Patients with serious and potentially hereditary disease and their relatives may benefit from genetic exploration and counselling, even when predictive genetic testing is not available.

In many diseases, such as cancer, cardiovascular disease, Alzheimer’s disease, Parkinson’s disease and amyotrophic lateral sclerosis (ALS), a small subset of cases are hereditary. A distinction is made between familial and sporadic cases of a disease, the former assumed to have Mendelian inheritance and the latter multifactorial aetiology. Primary diagnosis often depends on clinical diagnostic criteria. The purpose of genetic investigation is first and foremost to identify hereditary cases; in addition to confirming the diagnosis, this can also identify subgroups with specific needs in terms of medical and interdisciplinary follow-up. In hereditary disease, each family has its own disease-causing mutation. Increasingly, this specific mutation can provide information on prognosis and treatment options. Genetic investigation is a textbook example of personalised medicine, defined as prevention, diagnosis, treatment and follow-up that is tailored to the biological makeup of an individual (1).

Only when a disease-causing mutation is identified in a patient can healthy relatives be offered testing for the mutation to gain information about their own risk. In Norway, as in many other European countries, genetic counselling is required by law prior to such predictive genetic testing (2, 3). In some serious hereditary diseases for which there is no effective prevention or treatment, the counselling follows a carefully designed procedure. Research shows that the majority of healthy individuals who opt for predictive genetic testing after receiving such counselling, cope well with the process – irrespective of the test result (4).

Nakken et al. have examined whether clinicians follow, in practice, the international recommendations for genetic investigation of patients with amyotrophic lateral sclerosis (5). The guidelines recommend taking a detailed family history for all patients, but using DNA analysis only in certain cases of familial disease (6). Although testing of certain genes can accelerate the diagnostic process and provide prognostic information, the guidelines recommend that DNA analysis is not conducted in sporadic cases of classical disease.
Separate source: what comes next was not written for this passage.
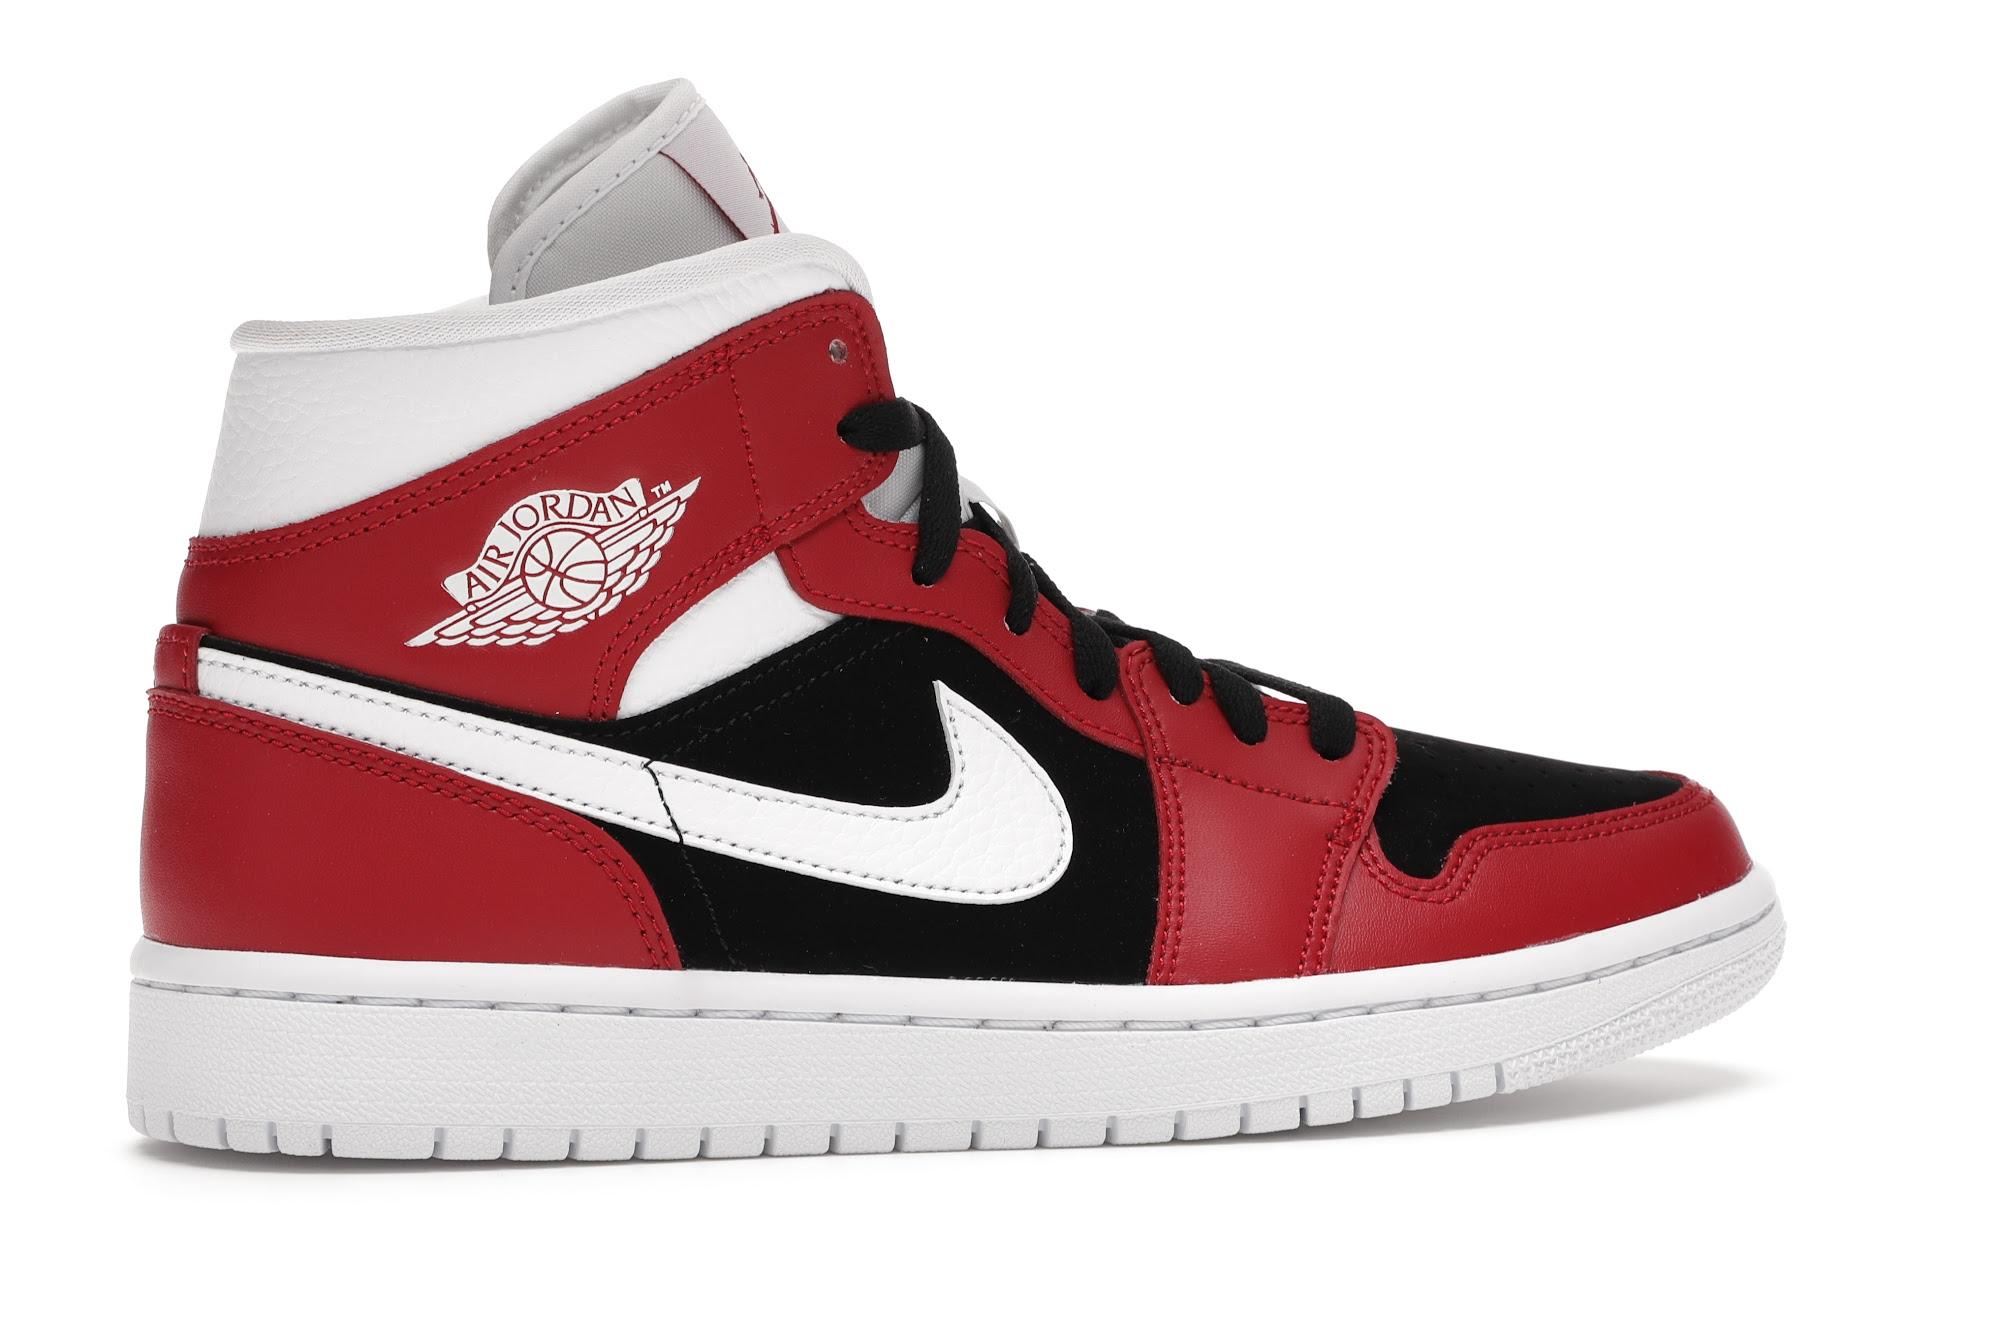 Jordan 1 Mid Gym Red Black (W)

The latter recommendation is problematic. In the study from Akershus University Hospital, information on family history was absent from the medical records in 38 % of cases (5), indicating that the recommendation to obtain a detailed family history was not followed. Even if a patient is the first known case of the disease in a family, it does not necessarily follow that the disease is sporadic. Due to the reduced penetrance of amyotrophic lateral sclerosis, hereditary disease can go ‘under the radar’, especially in small families. Autosomal dominant and X-linked hereditary disease may also be the result of de novo mutations, which, like other mutations, can be transmitted to descendants. Only after several generations, or when genetic testing has been performed, is it safe to assume that a case was sporadic. Although family history-taking and consent-based retrieval of information is part of the service offered by departments of medical genetics, Norwegian and international studies suggest that neurologists rarely refer ALS patients to such departments. This may be due to lack of knowledge of genetics and genetic services, or to the doctor’s views regarding ethical and psychological issues (5, 7).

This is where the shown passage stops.